Red Moon Rising Sputnik and the Rivalries That Ignited the Space Age - Matthew Brzezinski [33]
Eisenhower was skeptical, and when Charlie Wilson testified that the intelligence was “very sketchy indeed,” Symington indignantly accused him of “unconstitutionally contradicting patriots” like General Nathan Twining, the air force chief of staff. In reality both the flybys and serial numbers were Soviet ruses to mask the weakness of their bomber program. The Soviets simply used the same squadron of planes to circle the airfield out of eyesight and to pass over the reviewing stands repeatedly. Knowing that American observers would have their telephoto lenses trained on the planes, they fudged the serial numbers to further the impression of an inflated count.
The ploy, however, backfired and played right into the hands of the air force and its supporters, who saw a perfect excuse to bolster America’s bomber fleet. The truth of the matter was that by the forecast date, the USSR would build only 85 of the 700 new bombers projected by air force intelligence, while the U.S. heavy bomber force would grow to 1,769 planes—a twenty-to-one ratio in America’s favor that hardly called for additional reinforcements. (The Strategic Air Command would add another 1,000 bombers to that already overwhelming superiority by the end of LeMay’s reign.) But in the absence of hard evidence to the contrary, the alarmist air force assertions were accepted. The accuracy of the hyped data was not pertinent, but its potential political value was. The dearth of reliable information on the Soviet Union simply heightened paranoia and made the worst-case scenario easier to swallow. “You’ll never get court-martialed for saying [the Soviets] have a new type of weapon and it turns out that they don’t,” Victor Marchetti, the CIA’s top Soviet military analyst, ruefully remarked. “But you’ll lose your ass if you say that they don’t have it and it turns out that they do.”

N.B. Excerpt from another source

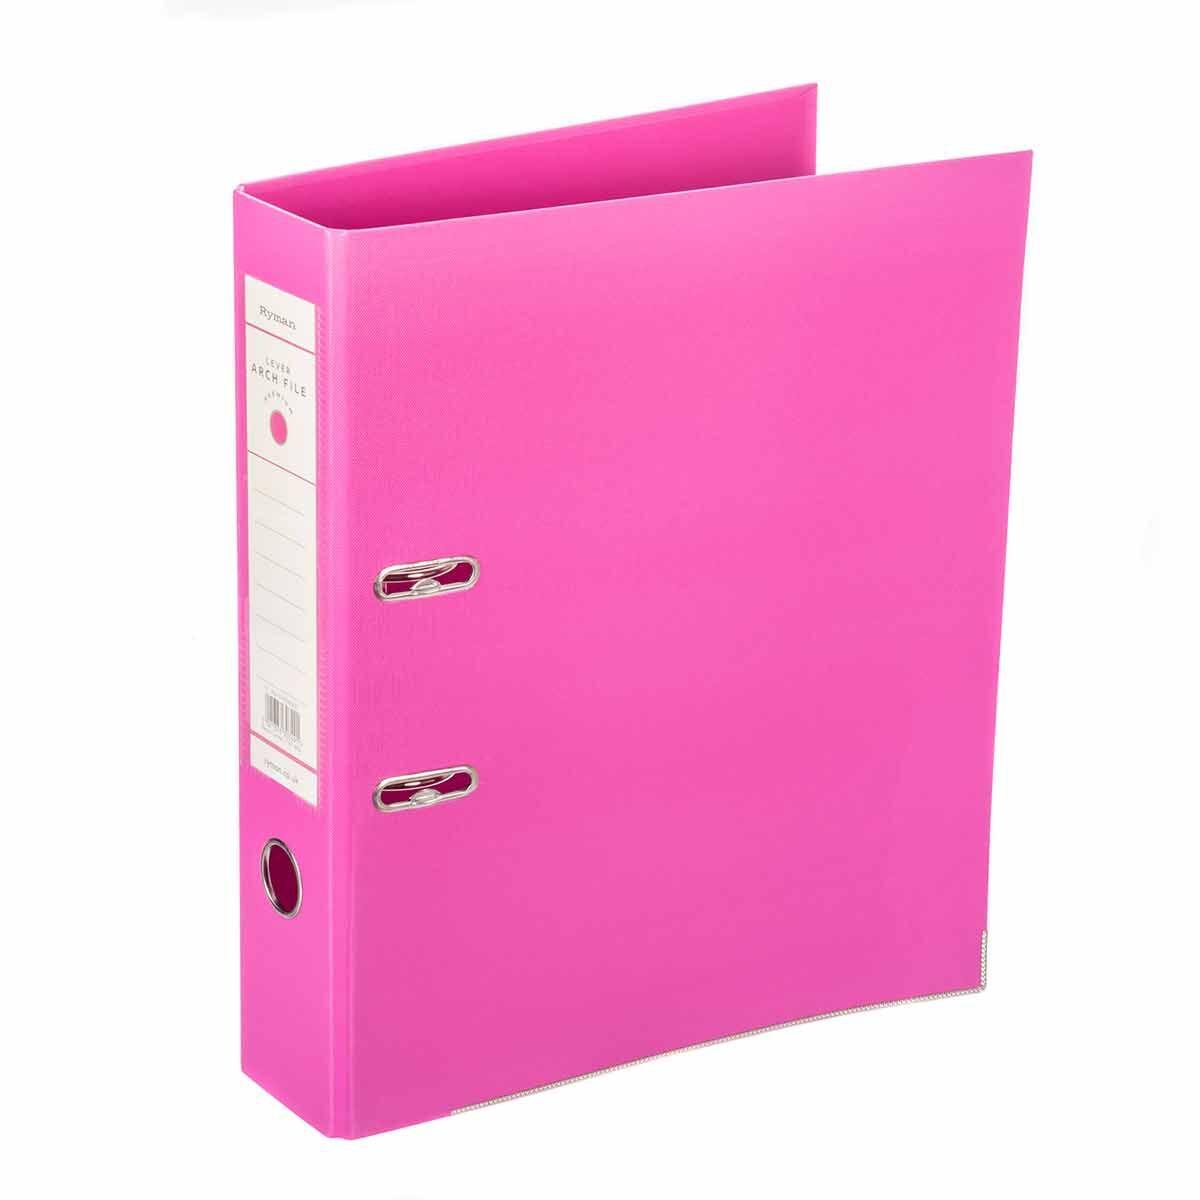 Ryman Premium Lever Arch File Foolscap Pink

The bomber gap was “fiction,” as Eisenhower well knew. But the president did not challenge Symington’s findings. In fact, many of the air force officers who provided the testimony and information for the hearings were promoted, including the air force’s intelligence chief, Major General John Samford, who was rewarded with the top slot at the newly formed National Security Agency. Nor did Ike veto the supplemental $928.5 million budget increase for LeMay to add six more SAC wings—180 new B-52s—to his armada. Boeing, the principal financial beneficiary of the supplement, immediately started a second production line to fill the order.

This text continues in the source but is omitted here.